__What you have to do__:
Transcribe the whole listing without a single picture.

__Data provided__:
-=-=-=-=-

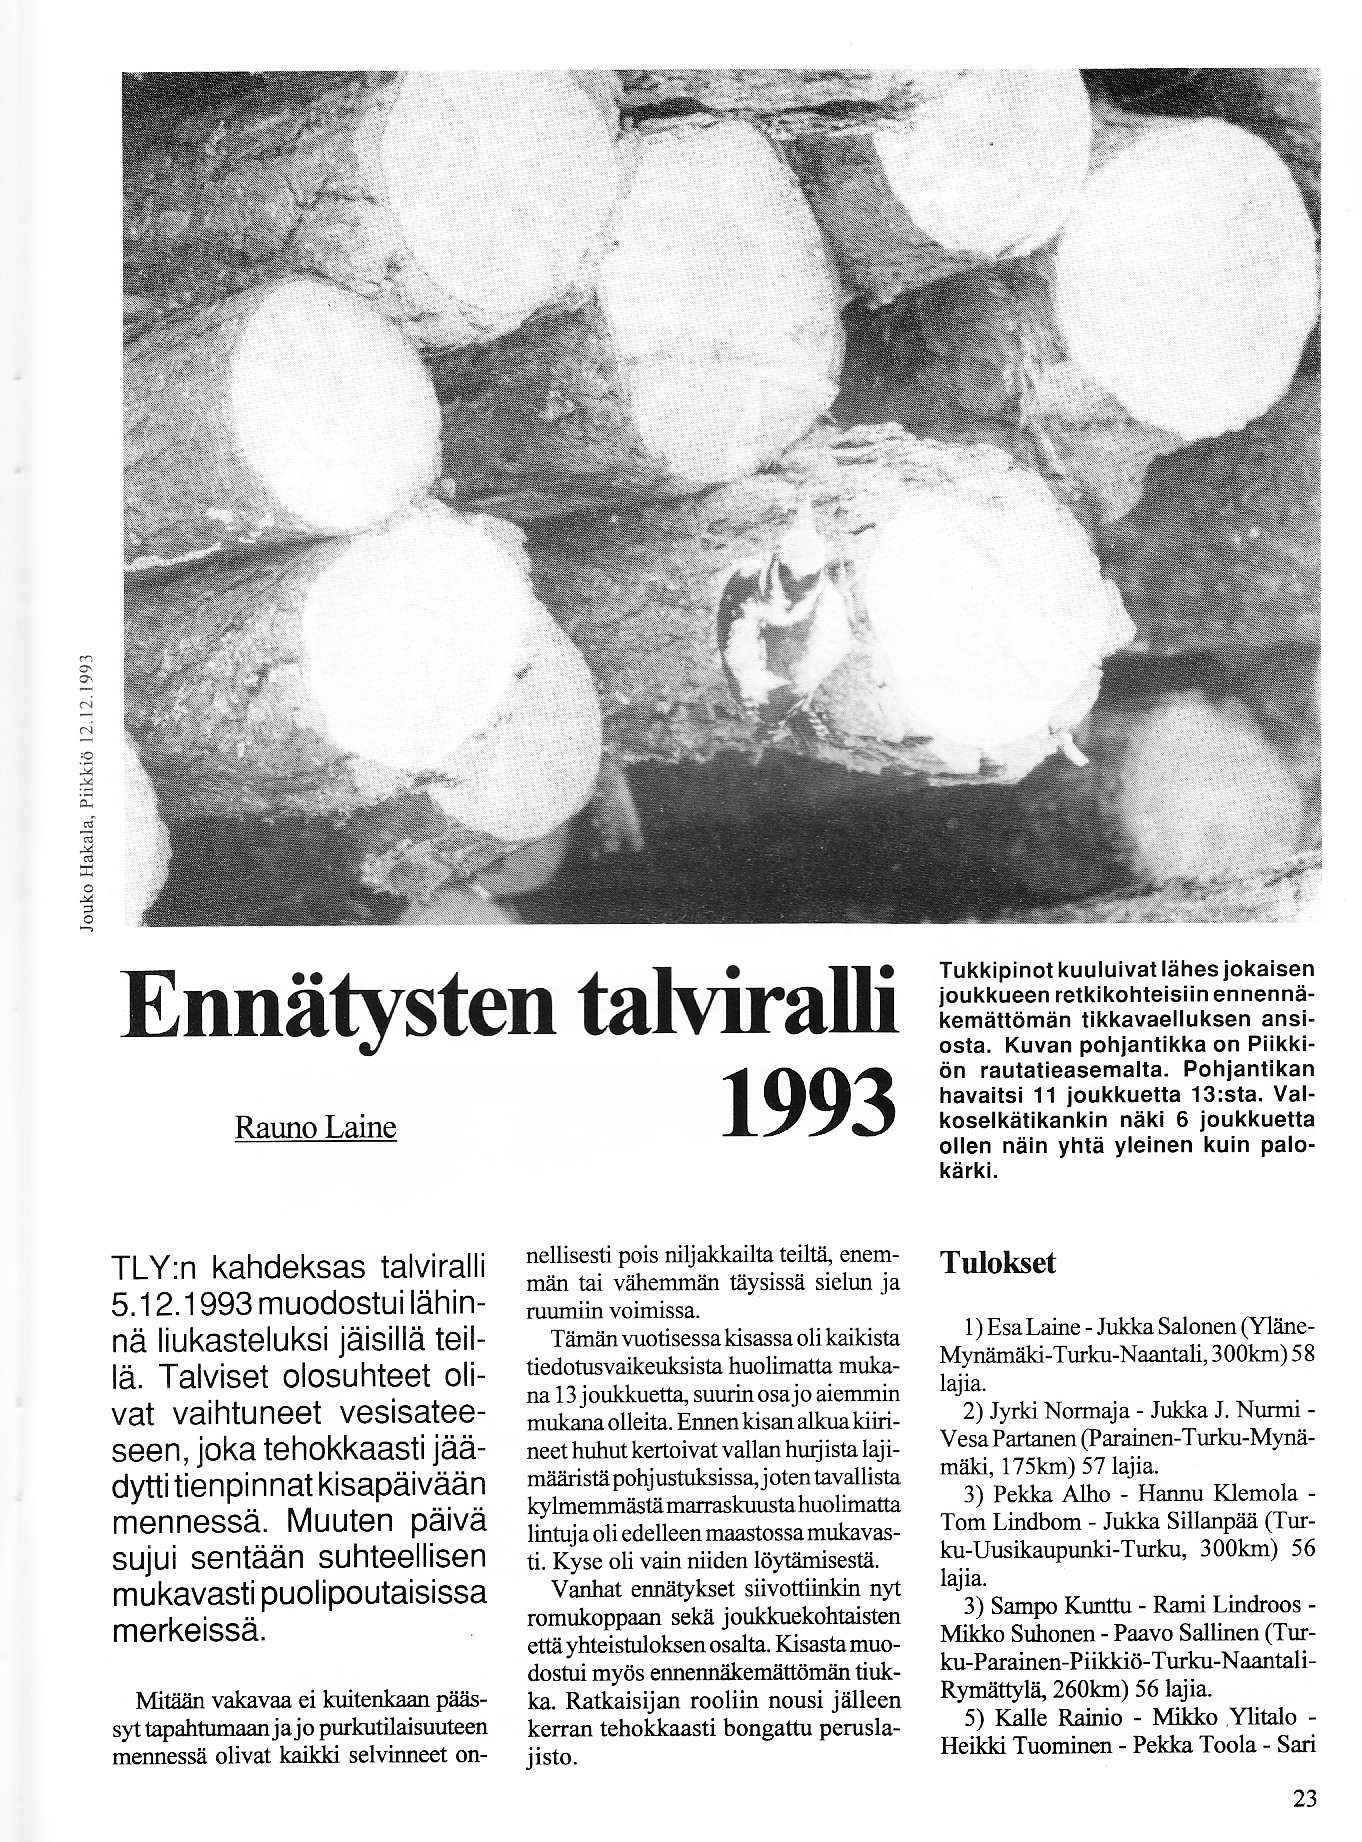 1 : Ennätysten tahiralli Rauno Laine 1993 Tukkipinot kuuluivat lähes jokaisen ioukkueen retkikohteisiin ennennäkemåttömän iikkavaelluksen ansiosta. Kuvan pohiantikka on Piikkiön rautatieasemalta.
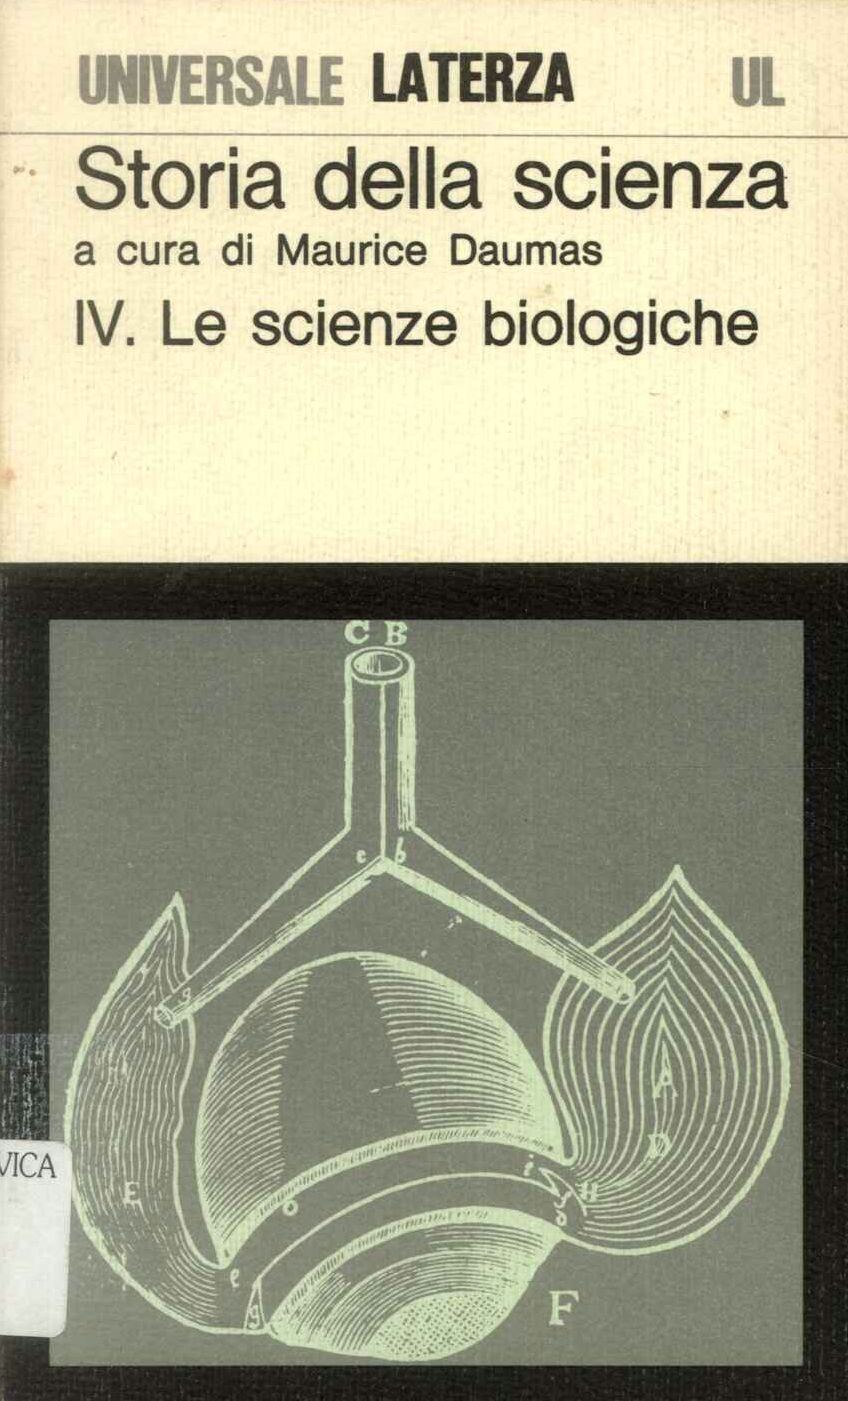 Storia della scienza IV°. Le scienze biologiche
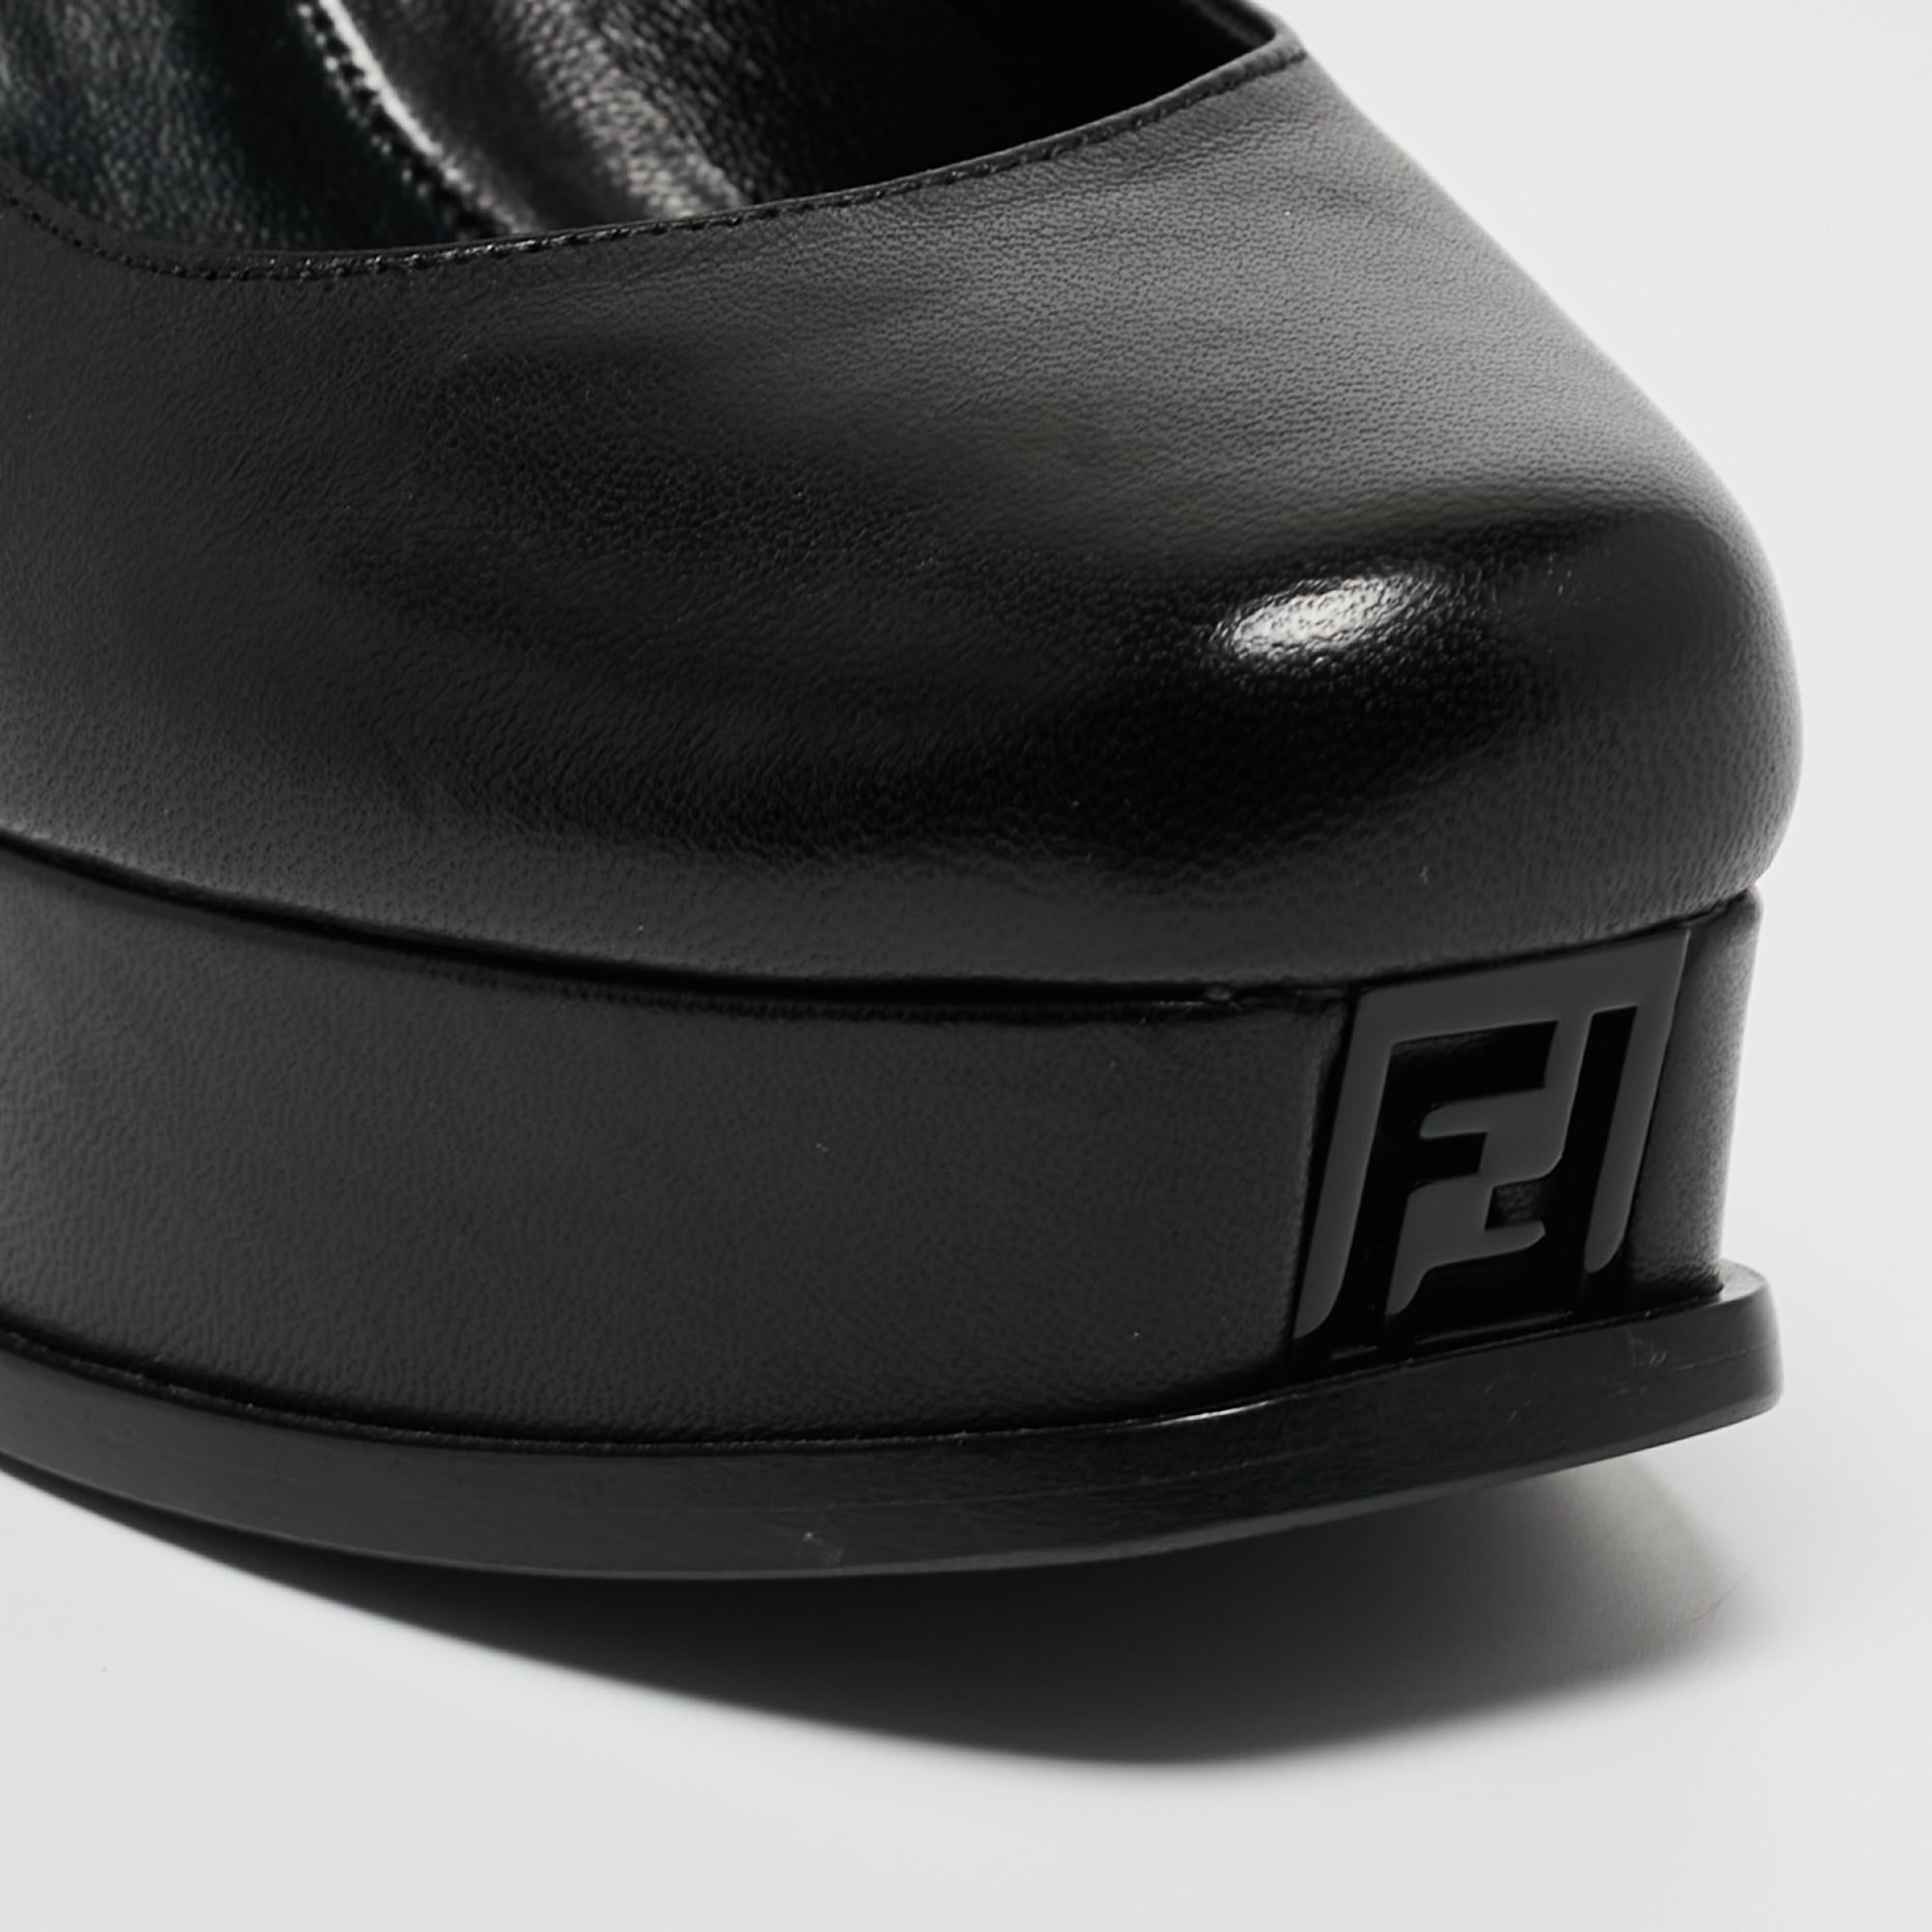 Fendi Black Leather Fendista Platform Pumps Size 37 4

-=-=-=-=-

__Written answer__:
 1 : Ennätysten tahiralli Rauno Laine 1993 Tukkipinot kuuluivat lähes jokaisen ioukkueen retkikohteisiin ennennäkemåttömän iikkavaelluksen ansiosta. Kuvan pohiantikka on Piikkiön rautatieasemalta.
 Storia della scienza IV°. Le scienze biologiche
 Fendi Black Leather Fendista Platform Pumps Size 37 4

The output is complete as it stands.